Saturday, June 11, 2005

O fim das minhas papoilas

Sinto as pernas doridas, sinto o corpo a queixar-se dos abusos dos últimos dias. Sinto que os olhos se querem fechar a cada momento, nas horas seguintes ao almoço, em que a conversa e o café encaminham para dolência das tardes alentejanas. Ganhei uma nova vista da janela do meu quarto, em vez da cidade que se entregava a meus pés, tenho agora uns quantos quintais nos quais vejo mães gordas a estender a roupa.
“Olá vizinho” gritam.

Não estou nada bem disposto, estou cansado. Respondo:
“Vá à merda, deixe-me em paz!”
Mentira, faço um sorriso amarelo e respondo “Olá” timidamente.

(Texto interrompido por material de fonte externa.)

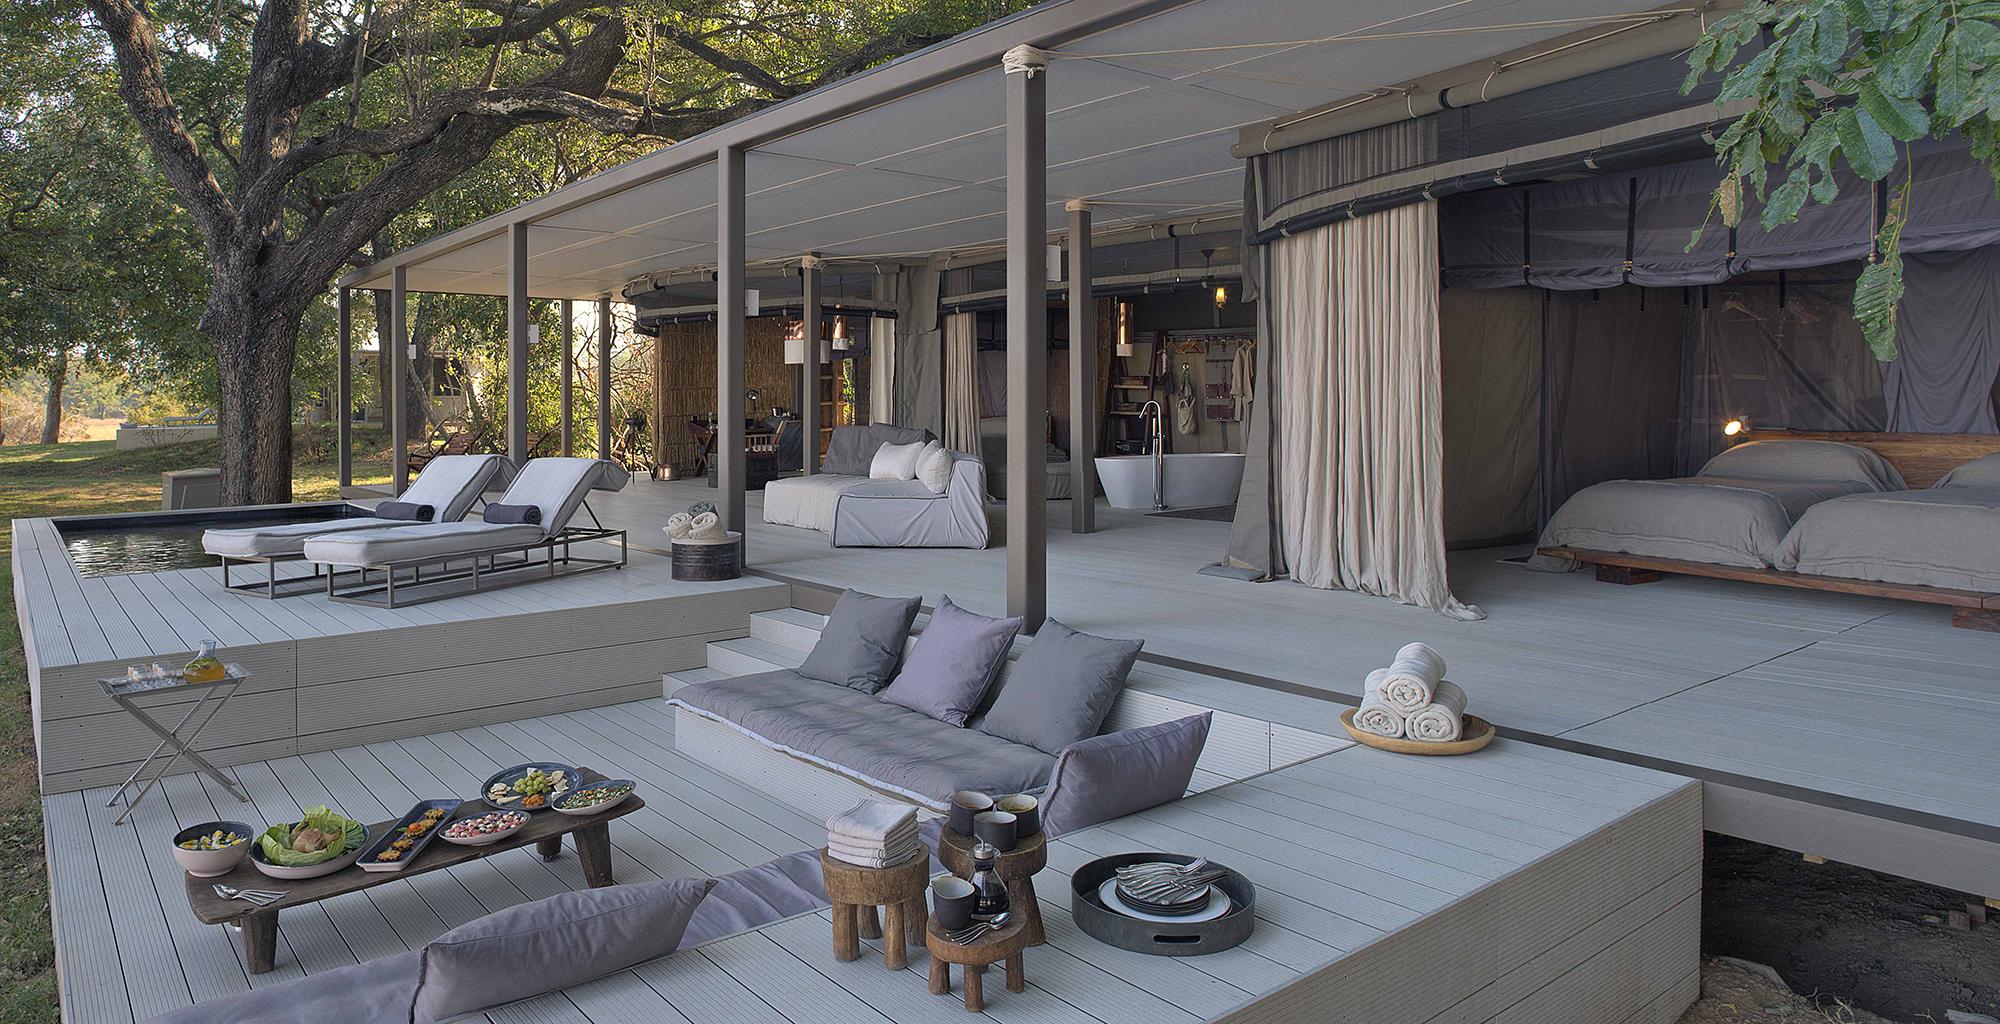 Zambia-Chinzombo-Deck

Idiota, mal sabes que há dez anos atrás te roubava laranjas e tu me ameaçavas com a vassoura. Deixa-me em paz. Mas respondi:
“Olá, está boa? Que me diz deste calor?” Idiota sou eu, iniciei uma conversa de ocasião que detesto. E lá vou ficar debruçado da marquise a conversar e a pensar nas caixas fechadas que estão atrás de mim.

O meu quarto ficou arrumado, algumas caixas nem sequer foram abertas a pensar numa outra mudança, aquela que me vai levar para longe do alentejo.
Hoje de manhã deixei-me ficar deitado a rebentar bolinhas de ar daquele plástico que envolve o conteúdo das caixas que dizem “FRÁGIL” e a pensar numa mensagem que há dias enviei; dizia que arrumar caixas era uma boa metáfora para a minha vida actual, também me estou a arrumar por dentro. E não é que era mesmo verdade?

A vizinha já percebeu que eu não quero conversar mais, que só me encontro debruçado por boa educação. Diz-me adeus e vira as largas ancas, protuberante barriga e as mamas de amamentar para o alguidar da roupa lavada. Eu volto para dentro, triste porque já não posso ver as minhas papoilas.